The Supreme Court's student loan decision is out. Here's what it means for you

Millions of Americans will soon have to start making payments on the full remainders of their student loans – now that the Supreme Court has struck down the Biden administration's attempt to forgive $400 billion in debt.

The court released its decision Friday, blocking President Joe Biden's loan forgiveness program, which would have allowed up to $20,000 in relief per borrower.

Here's what to know about student loan payments going forward.

When will student loan payments resume?

Student loan payments will be due starting in October, and interest will resume accruing on federal student loans starting September 1, according to the federal student aid website.

What does repayment resuming mean for borrowers?

The resumption of federal student loan repayment means borrowers who have left school or graduated over six months ago will have to start making payments towards their student loans again. Student loan payments have been paused and the interest rate on federal student loans has been set at 0% since March 13, 2020.

Associate director of financial services at the University of Louisville, Mike Abboud, said borrowers should visit the official federal student aid website and update their contact information so their loan servicer can reach them.

"That studentaid.gov website is the most powerful resource," Abboud said.

Some students may have different loan servicers than prior to the pandemic and repayment pause, so it's important to check your servicer information on the federal student aid website.

More: Supreme Court live updates: SCOTUS kills Biden plan to forgive student loan debt

How do I begin making payments?

If you graduated during the repayment pause and aren't sure where to start, visit the official federal student aid website. There you'll be able to find detailed information on how repayment works and identify your loan servicer – the company that will bill you each month and keep track of your repayment progress.

Abboud said while there are many sources offering information on student loan repayment online, borrowers should always consult government websites for the most accurate information.

"It really is best to educate yourself maybe at those other websites, but the guidance from the Department of Education, the White House and the loan servicers is truly what the student has to follow," he said.

What does repayment resuming mean for current students?

Students enrolled in college won't face repayment right away, but some might see interest begin to accrue on their loans.

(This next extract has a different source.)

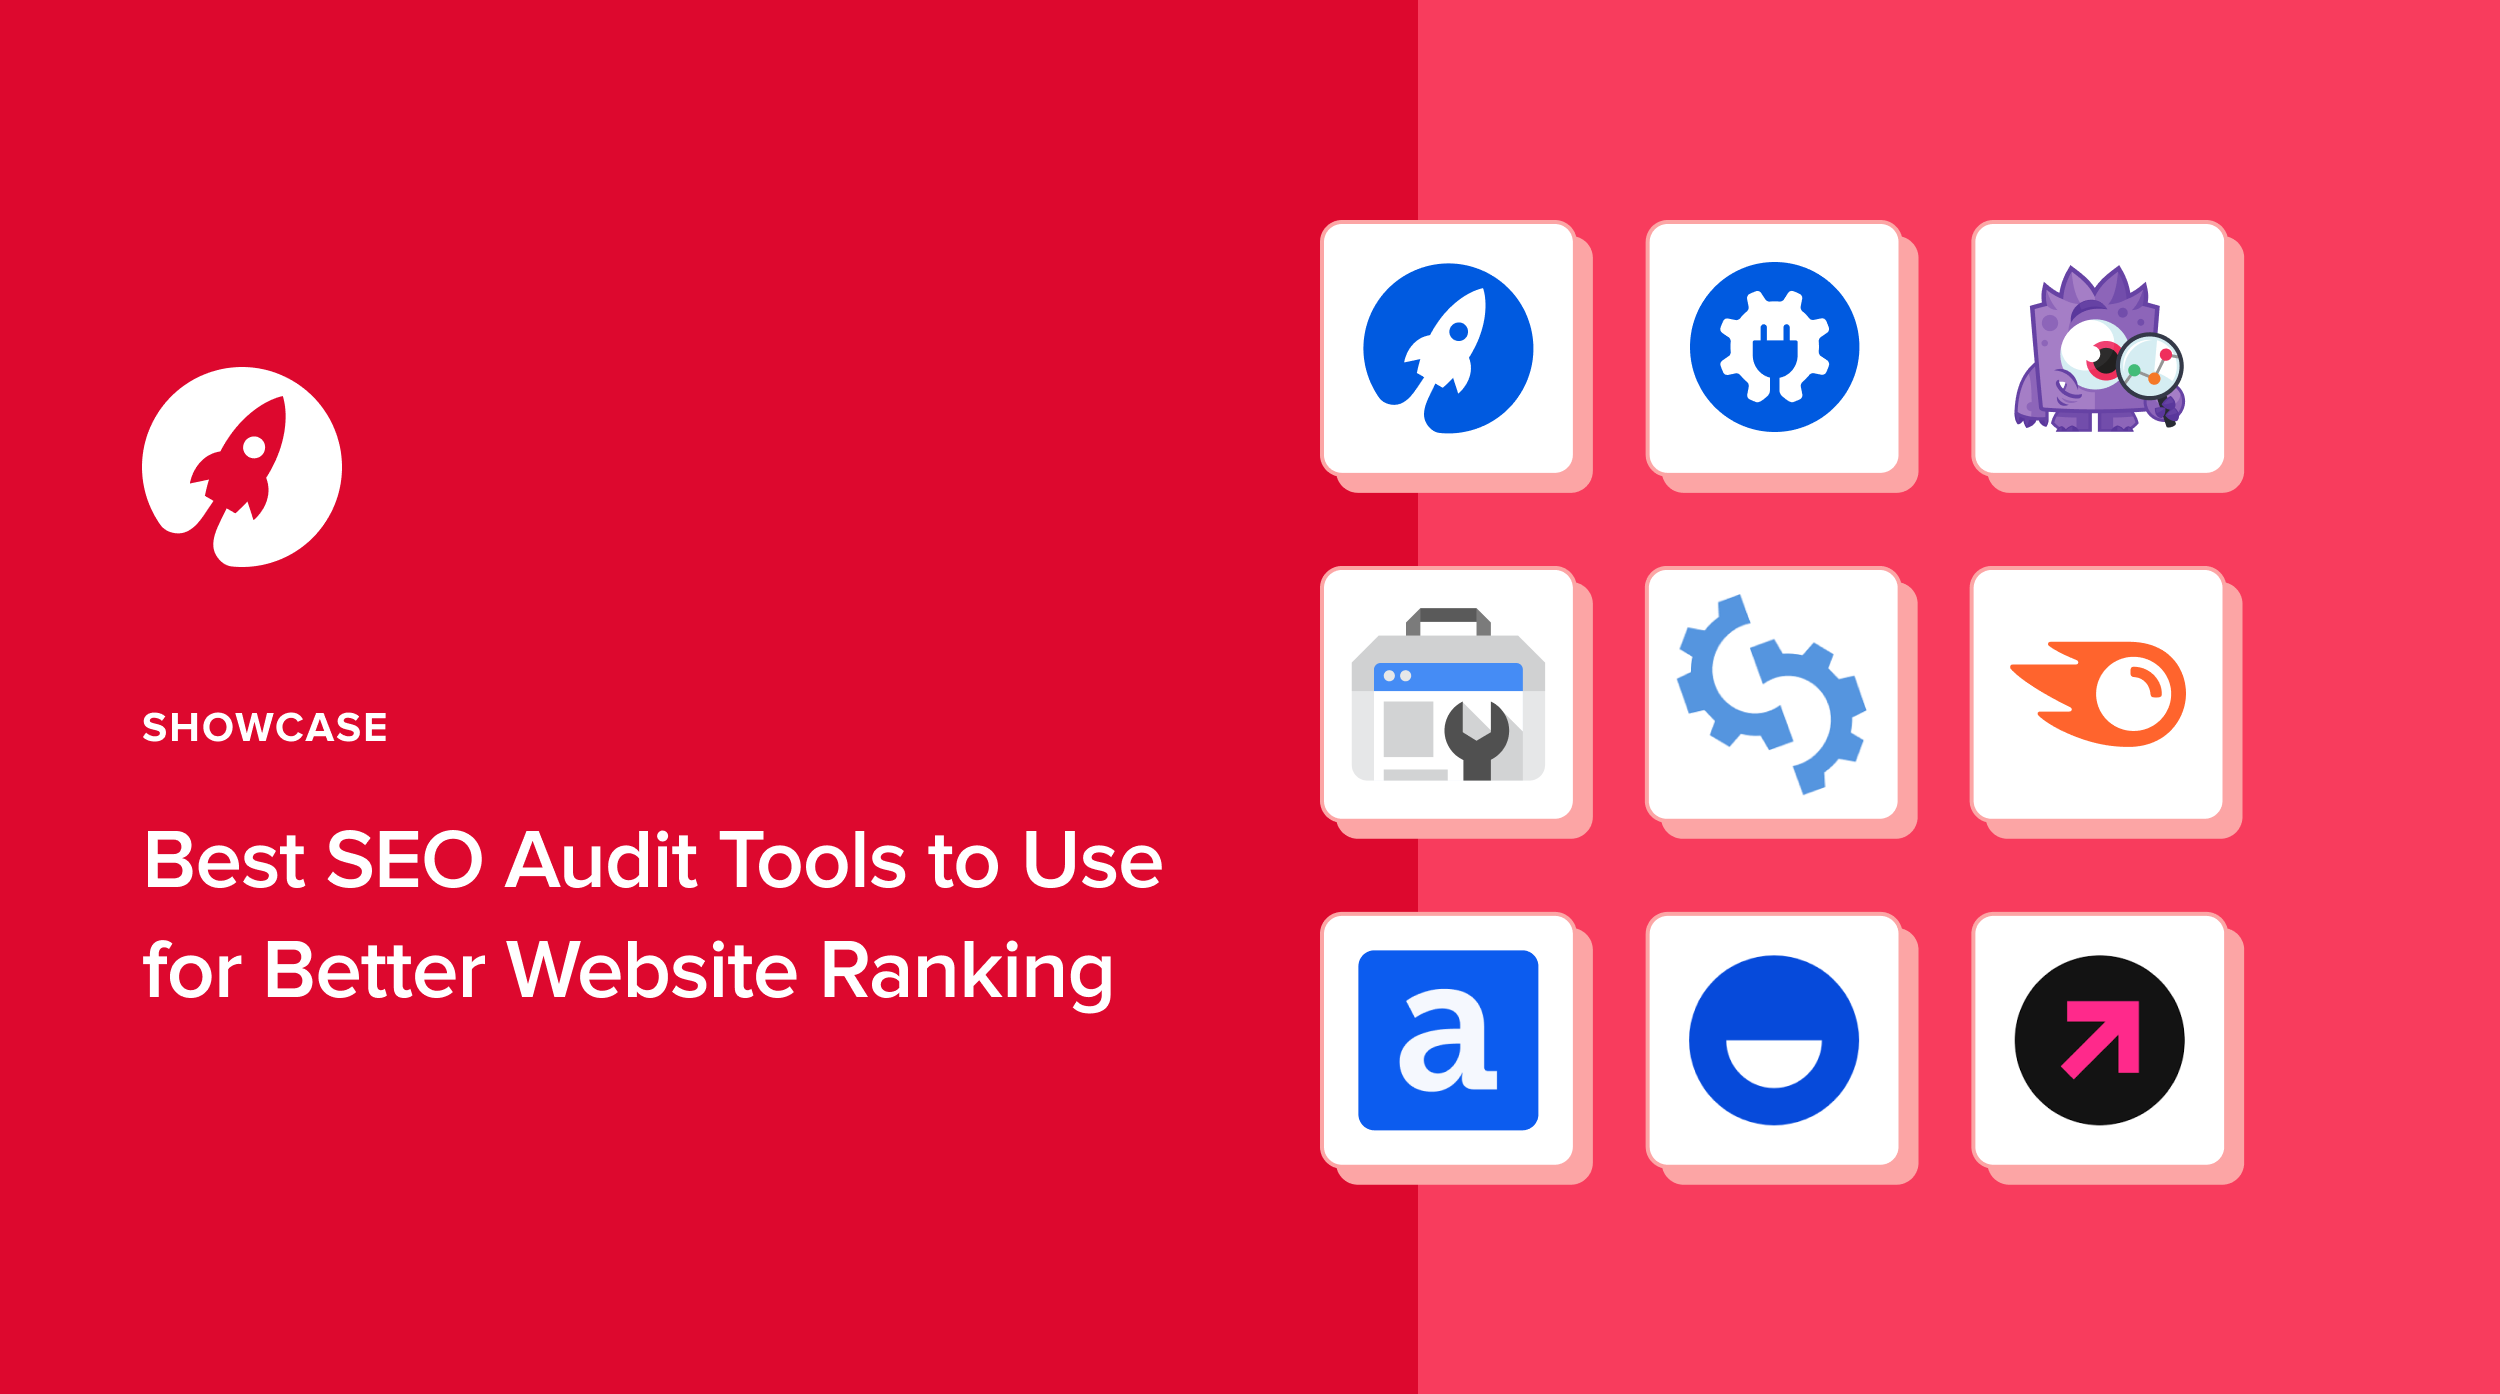 9 Best SEO Audit Tools to Use for Better Website Ranking

Interest will begin accruing on student loans, including Federal Direct Unsubsidized Loans, on September 1. Students aren't required to begin making payments on unsubsidized loans until six months after they graduate or leave university, but interest begins accruing on these loans while students are in school. Accrued interest is capitalized, or added, to the principal value of the loan that they are responsible for paying back.

Abboud said students interested in making repayment easier when they graduate should consider starting to pay off their loans while in college. Though students aren't required to make payments during this time, he said even small payments of $50 each month can help students chip away at their loan balances or prevent interest from accruing.

How will the economy impact loan repayment?

Inflation and changing interest rates are not likely to directly impact individual federal student loans.

Federal student loans are disbursed with fixed interest rates, meaning interest rates on loans may vary depending on what year they were disbursed to a student, but they will not change, according to the federal student aid website.

The maximum amount a student can borrow in federal student loans has not changed since 2009. First-year undergraduates can borrow up to $5,500 per academic year. Second-year students can borrow up to $6,500, and students third-year or higher can borrow up to $7,500.

What should I do if I can't afford my student loan payments?

Abboud said individuals concerned about affording their payments should contact their loan servicer to discuss forbearance and income-driven repayment options.

"If an individual is still facing circumstances of hardship, the thing to do is not ignore the situation," he said.

According to the federal student aid website, if you don't make loan payments, your loan could default. Once a loan defaults, it will negatively impact your credit score. The government also has the right to garnish funds from an individual's wages and tax refunds in order to pay off their loans.